Director: Takashi Shimizu
Synopsis:
The film’s
story takes place over a number of years and like the other Ju-on films,
is told in a non-linear order in six segments. The segments are presented in
the following order: Rika, Katsuya, Hitomi, Toyama, Izumi, and Kayako. The
synopsis shall be told in the chronological order of events. Several years ago, Takeo Saeki
murdered his wife Kayako after discovering she was in love with another man,
also murdering the family cat Mar and possibly his son Toshio. The murders
created a curse that revived the family as Onryo with Kayako’s ghost murdering
Takeo out on the street. Whoever enters the house in Nerima, Tokyo and it is
eventually consumed by the curse and it spreads to the place they die in,
consuming anyone in turn who goes there.
Review:
The story is told in “chapters”
each representing one victim of the Ju-On curse.
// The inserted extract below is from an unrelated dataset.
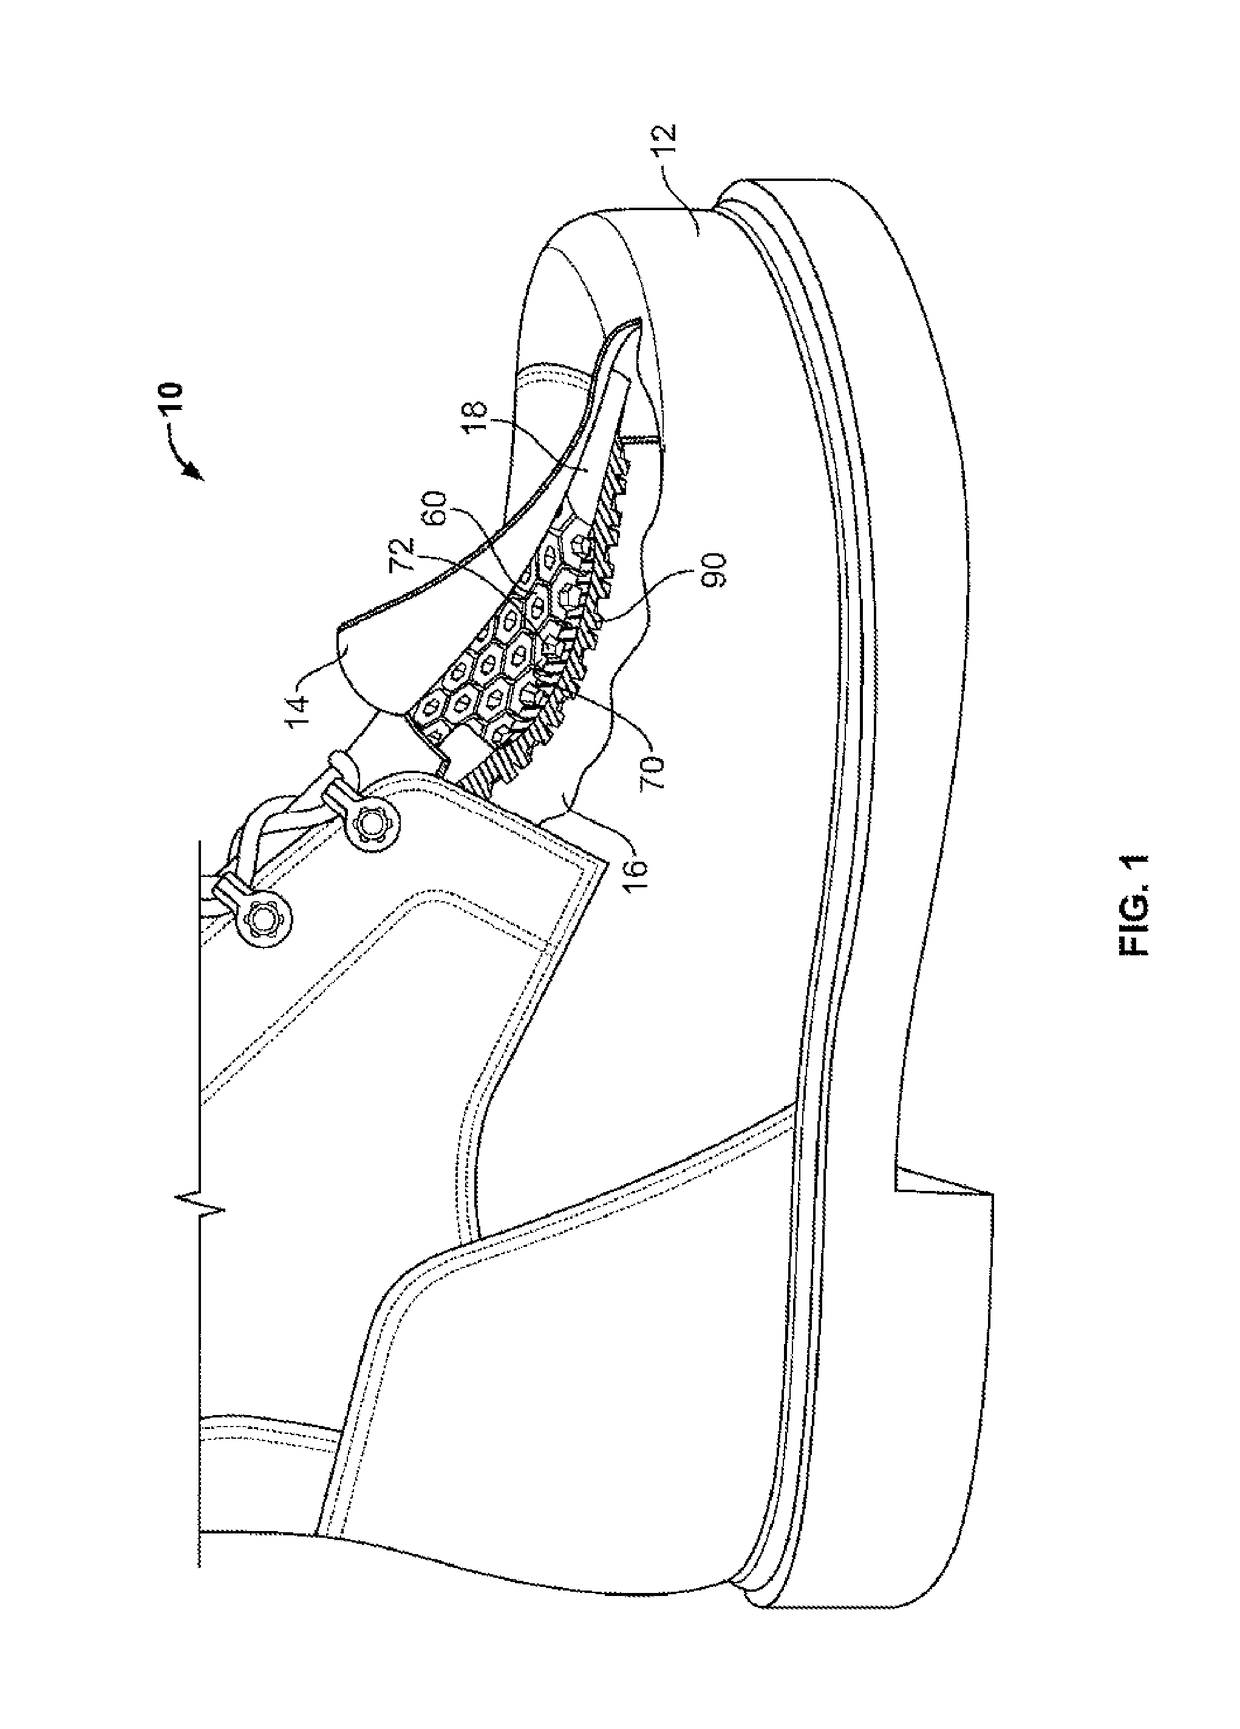 Protection devices for use in shoes or other products

This makes it difficult to say
too much about the plot as it involves so many characters. Much like Pulp Fiction, as the characters weave
in and out of each other’s lives so too do the chapters, flashing backwards and
forwards in time, slowly revealing the fate of it’s characters, how they came
to end up in the house and how they meet their unfortunate end.
Like previous Asian
horror movies Ringu, if there’s one thing that defines Ju-On it’s
the unsettling atmosphere it manages to create. The score is minimal, the
pacing slow and everything is painfully quiet. The kind of quiet that where if
you’re in your house alone at night, you’re never quite comfortable. It also
plays on more modern superstition, especially one of my worst strange childhood
fears, that one of the TV image that develops a disturbing and distressing life
of it’s own that you can’t control. As shadows take a life of their own and
phones let out piercing caterwauling sounds, Shimizu creates an unsettling
environment out of everything that plays tricks on the eye and ears and all the
silly irrational fears that for some reason still play on our minds.